RECORDED INFORMATION: Begin

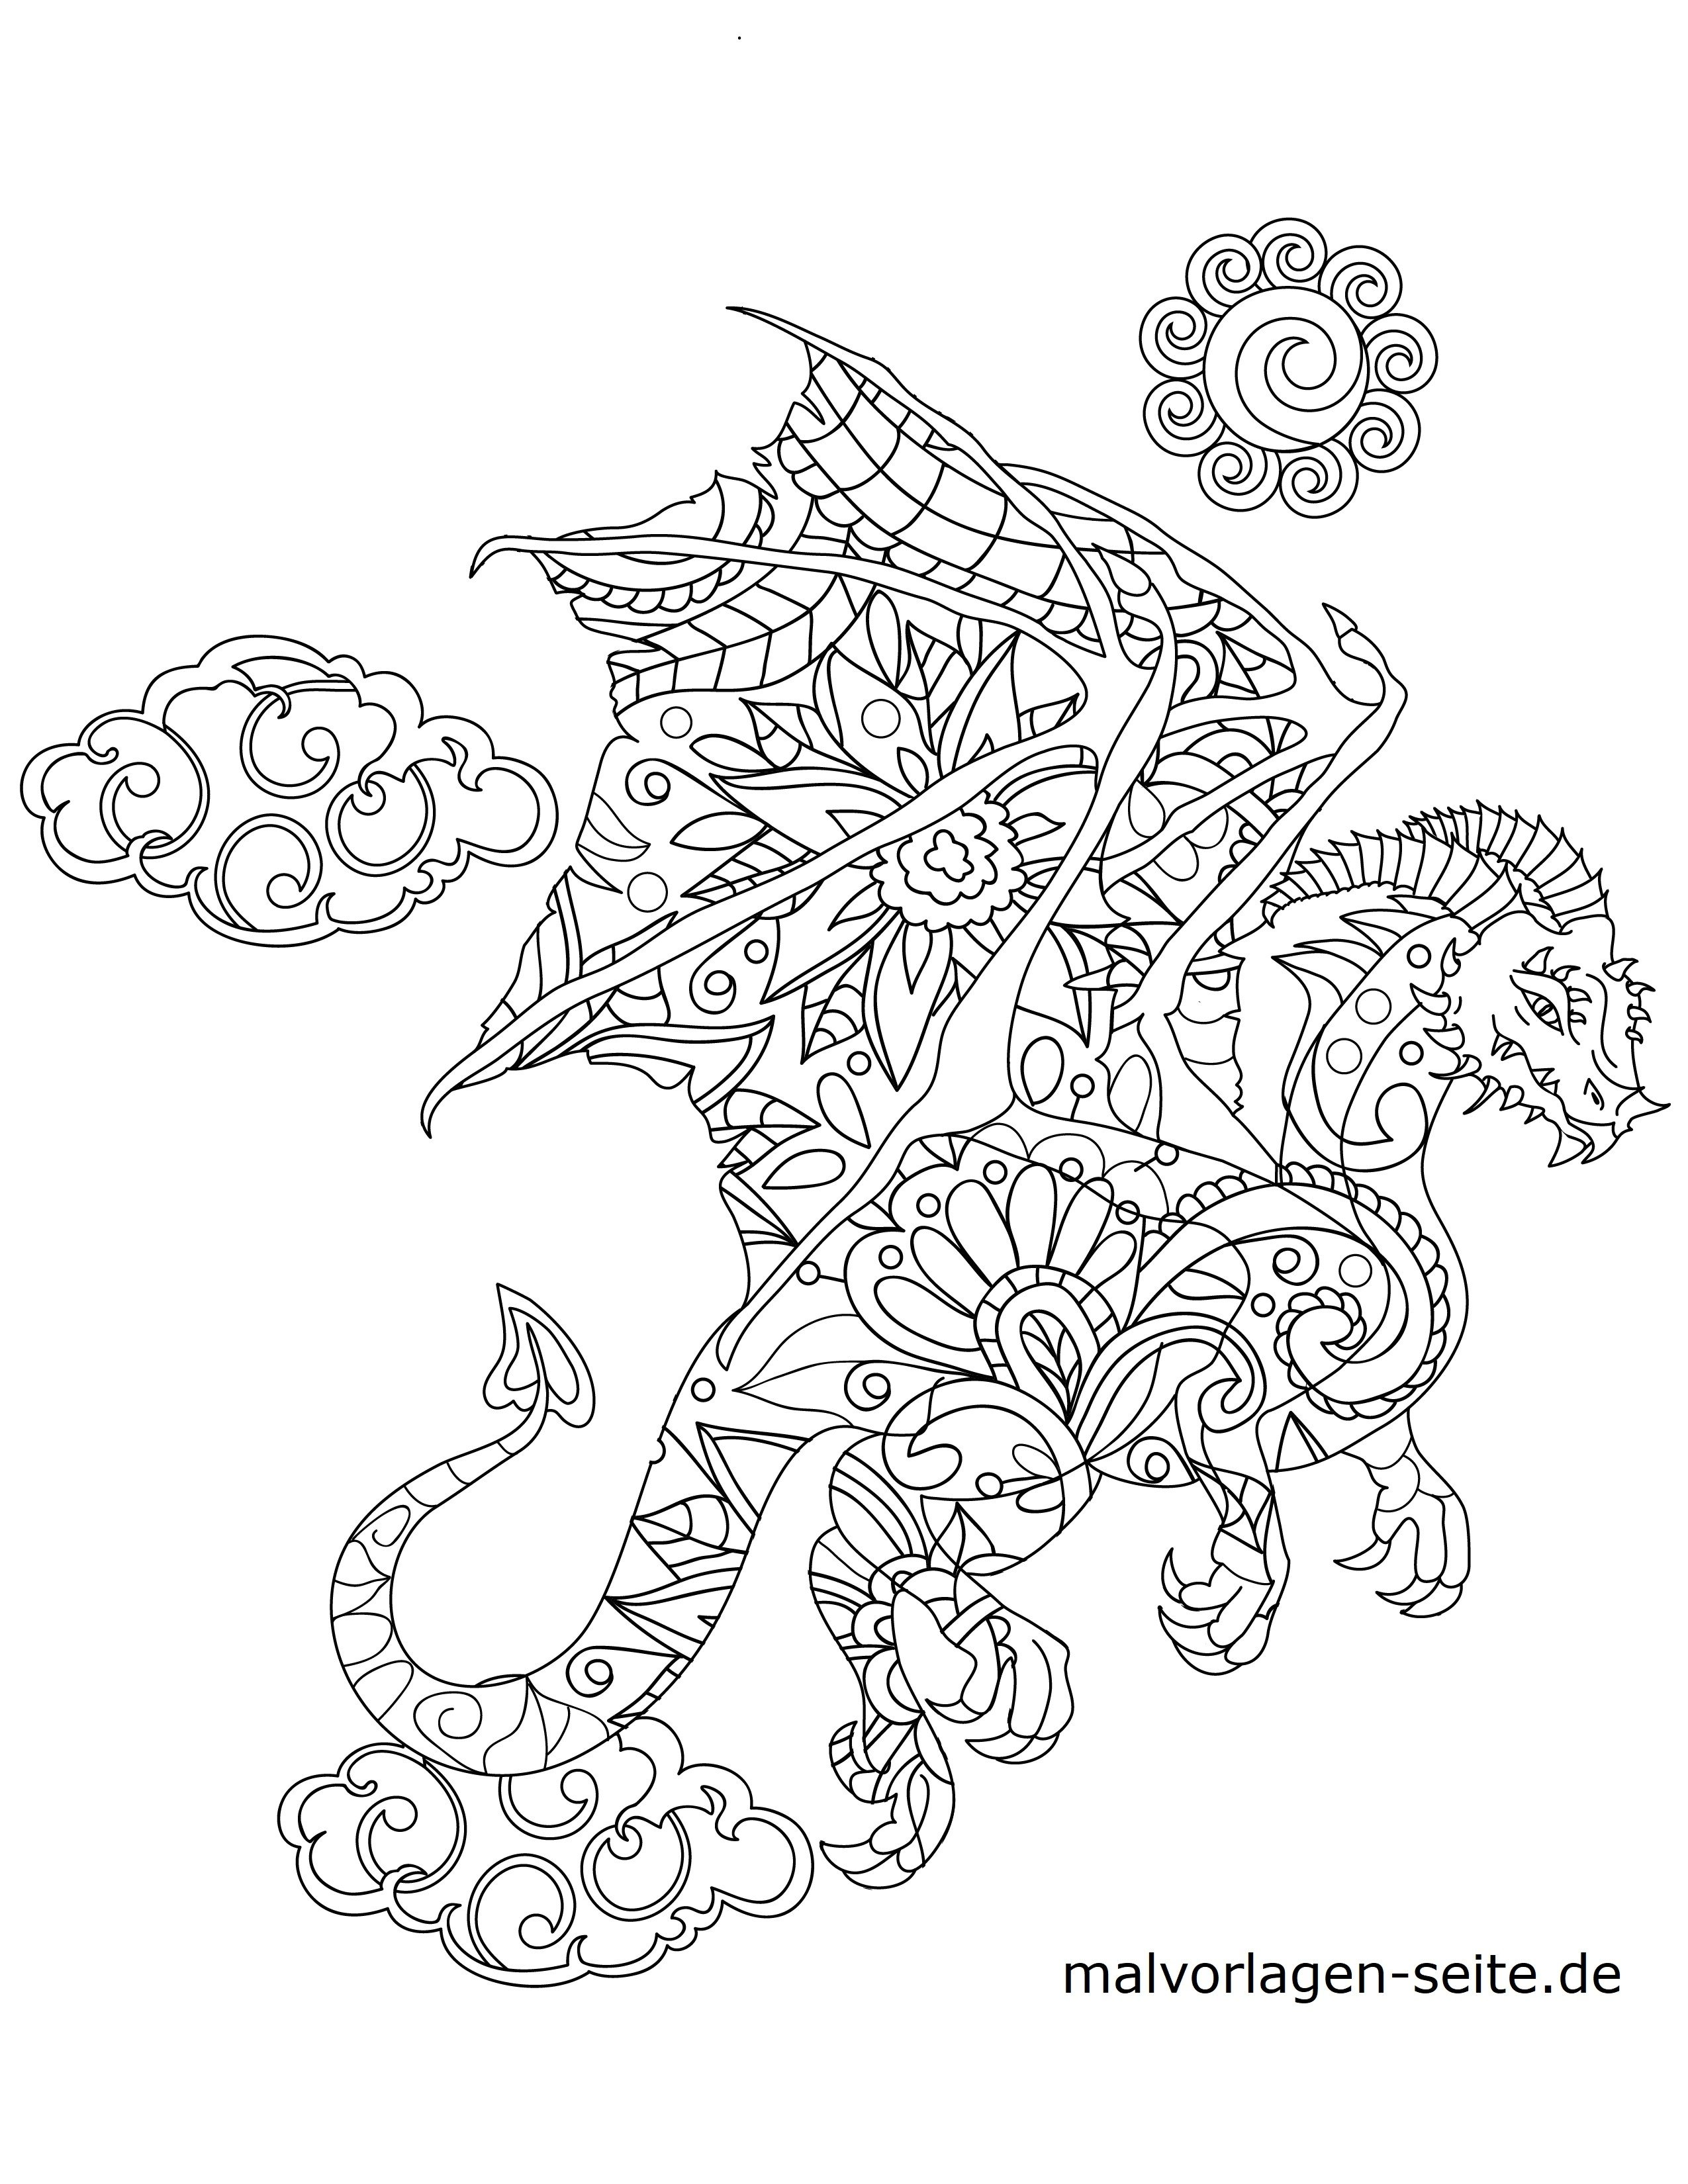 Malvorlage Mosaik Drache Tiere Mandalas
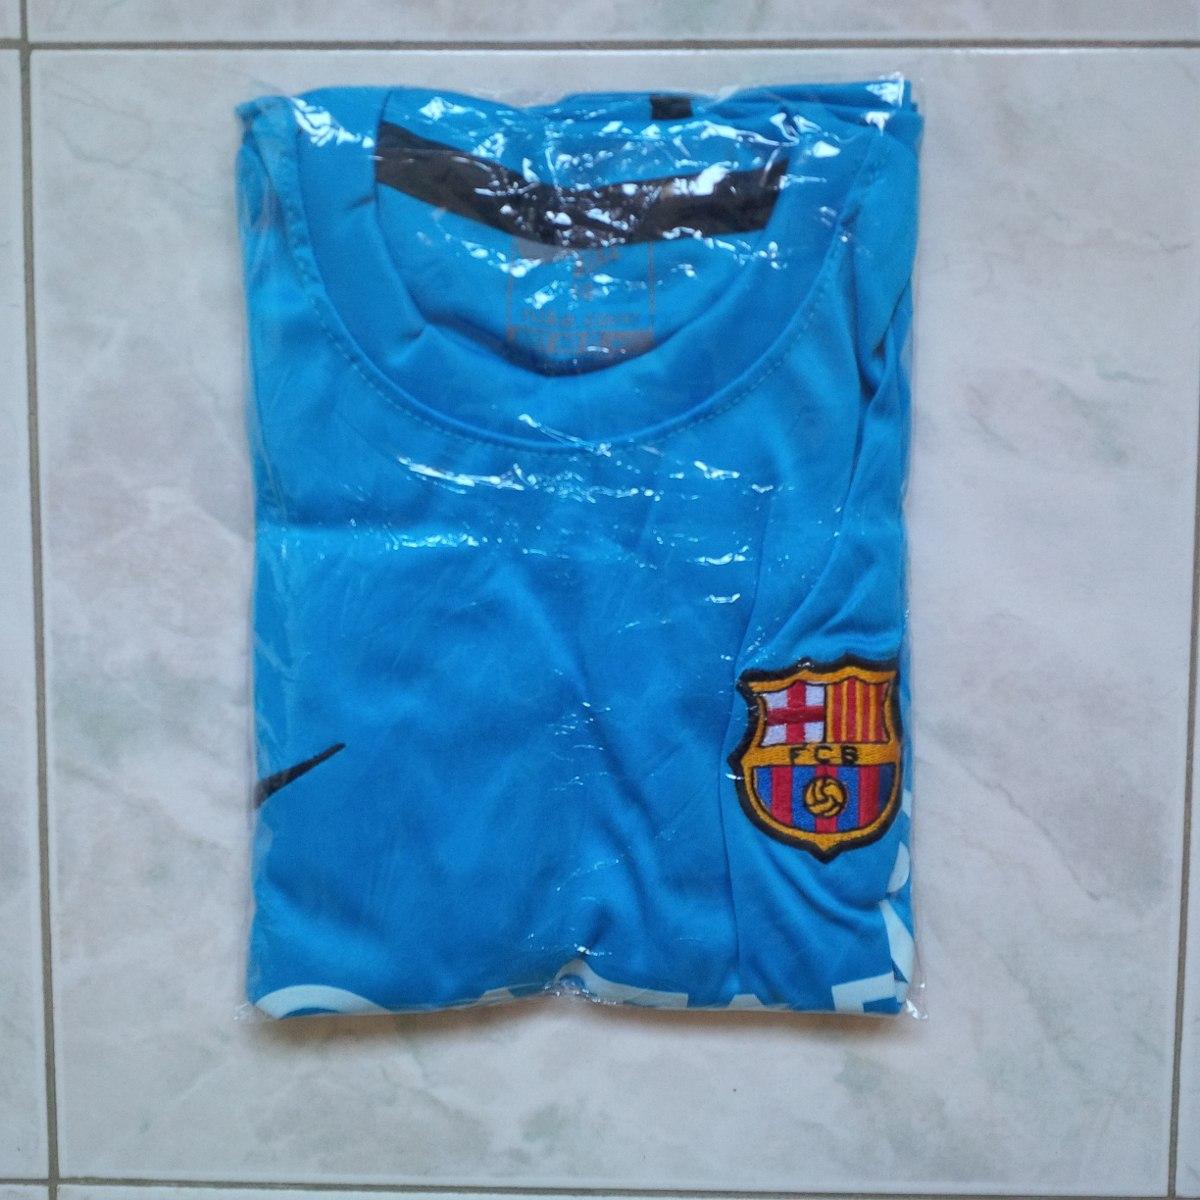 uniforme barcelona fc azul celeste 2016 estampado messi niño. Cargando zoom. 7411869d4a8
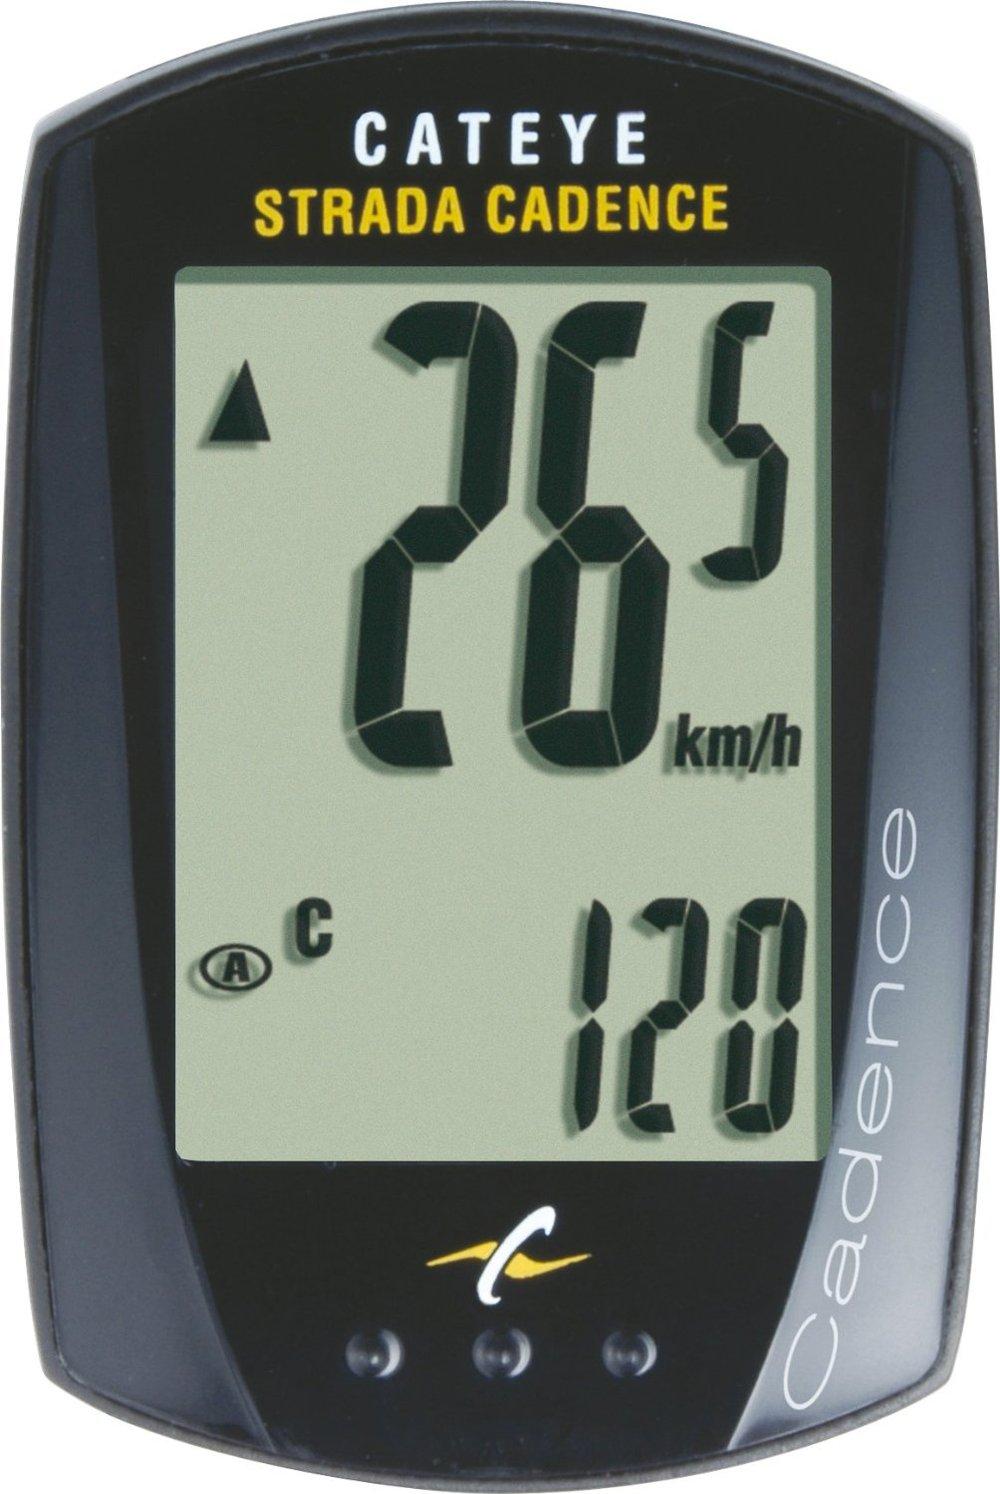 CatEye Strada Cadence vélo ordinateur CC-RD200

RECORDED INFORMATION: End

> _WHAT THE TASK REQUIRES_:
An exact reproduction of the material is needed, without its images.

> _FINISHED EXERCISE_:
 Malvorlage Mosaik Drache Tiere Mandalas
 uniforme barcelona fc azul celeste 2016 estampado messi niño. Cargando zoom. 7411869d4a8
 CatEye Strada Cadence vélo ordinateur CC-RD200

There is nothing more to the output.